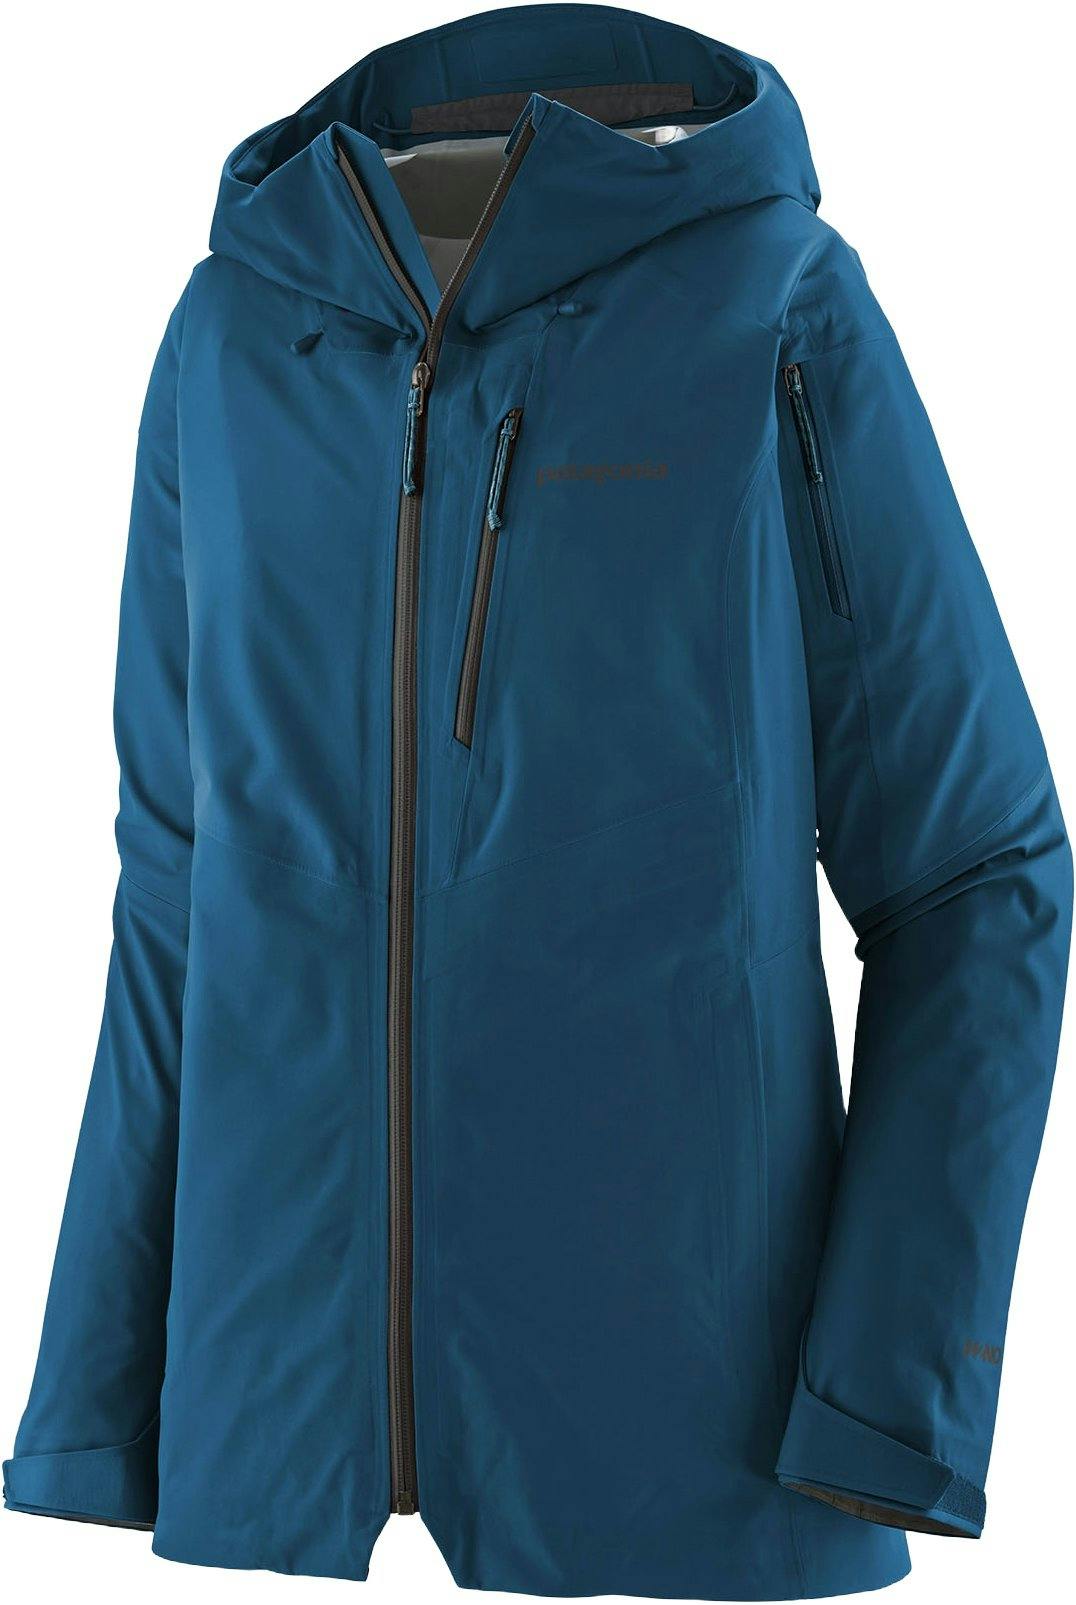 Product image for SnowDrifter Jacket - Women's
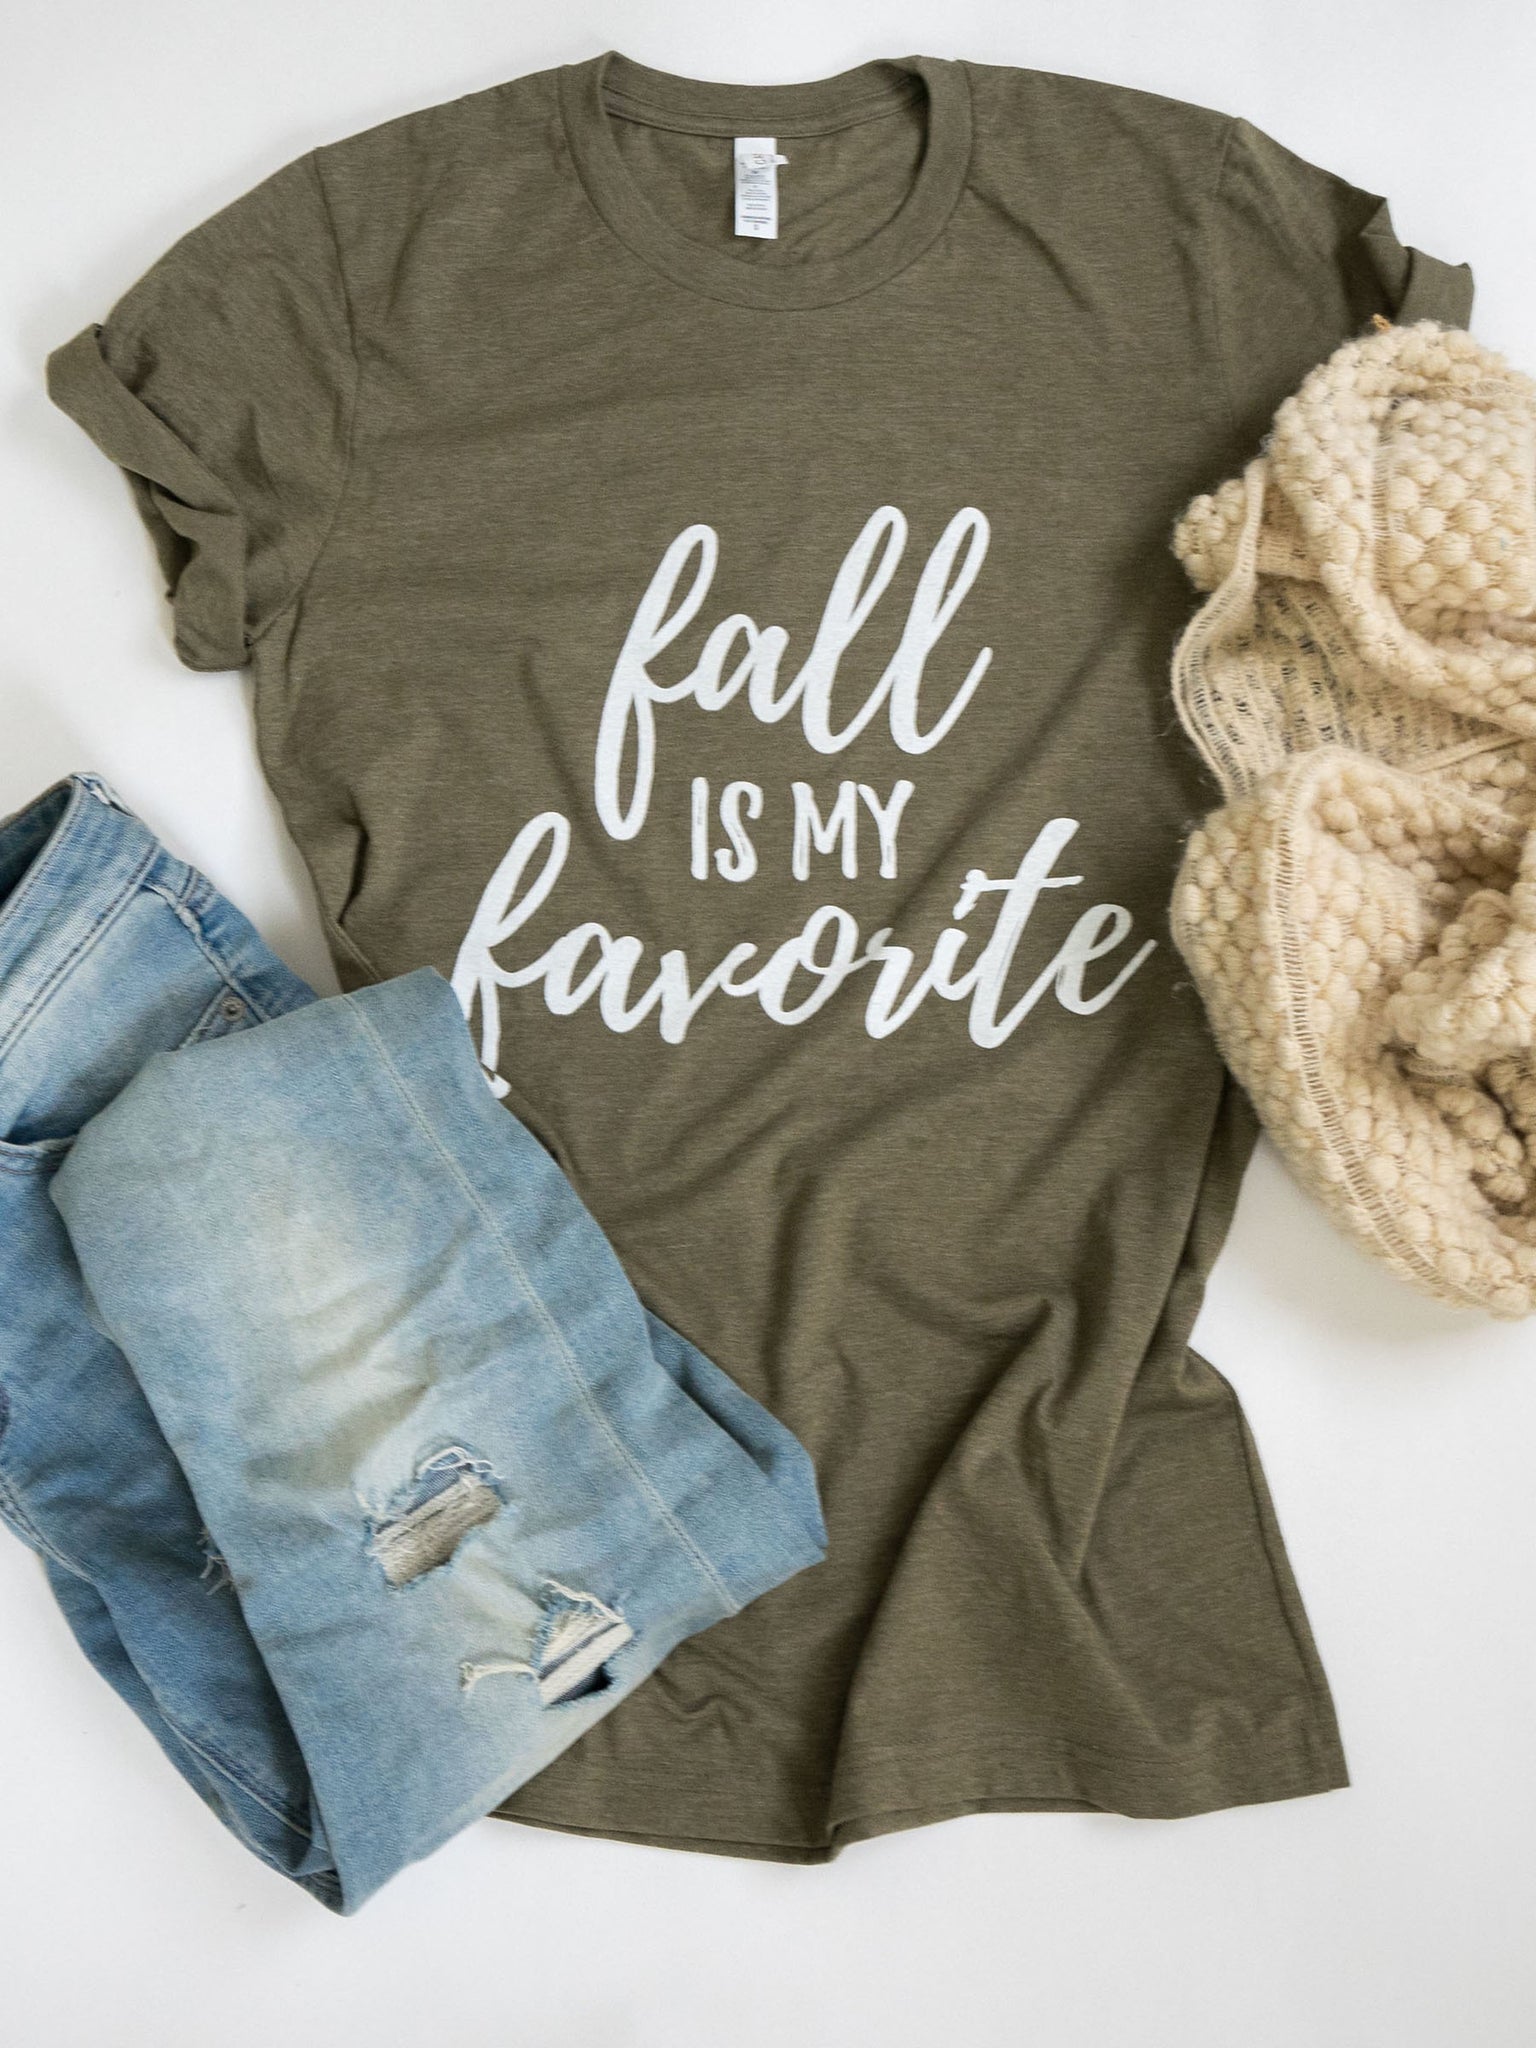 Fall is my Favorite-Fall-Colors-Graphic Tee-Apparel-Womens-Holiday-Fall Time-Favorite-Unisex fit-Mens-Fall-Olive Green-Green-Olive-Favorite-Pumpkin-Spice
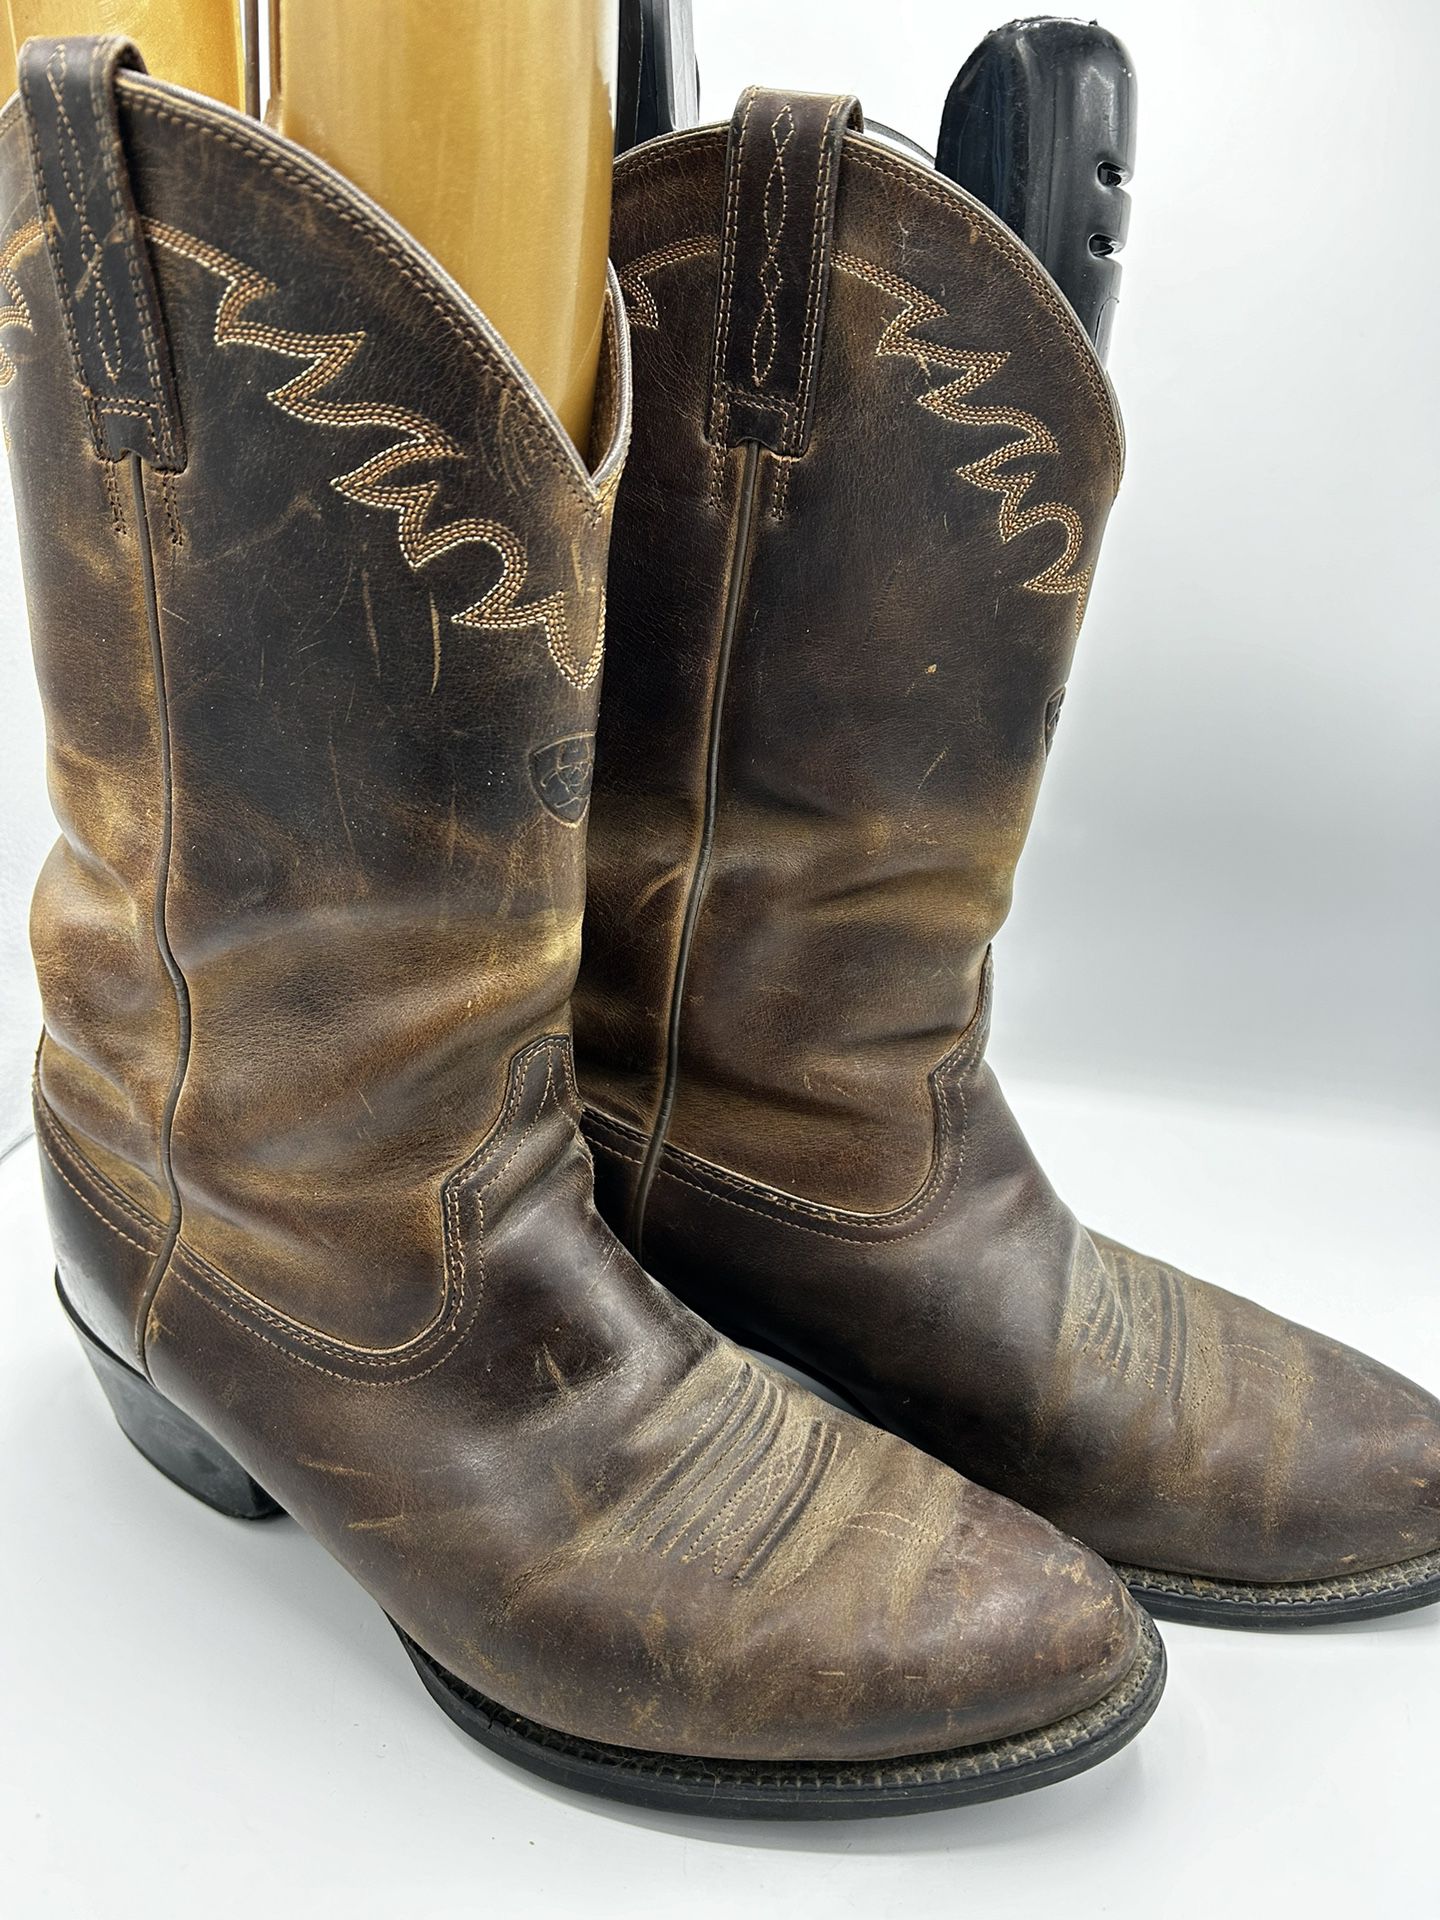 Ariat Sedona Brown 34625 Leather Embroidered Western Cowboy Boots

- **Activity**
Please output every line of the listing as it stands, and omit its images.

- **Output below**
 Product image for SnowDrifter Jacket - Women's
 Fall is my Favorite-Fall-Colors-Graphic Tee-Apparel-Womens-Holiday-Fall Time-Favorite-Unisex fit-Mens-Fall-Olive Green-Green-Olive-Favorite-Pumpkin-Spice
 Ariat Sedona Brown 34625 Leather Embroidered Western Cowboy Boots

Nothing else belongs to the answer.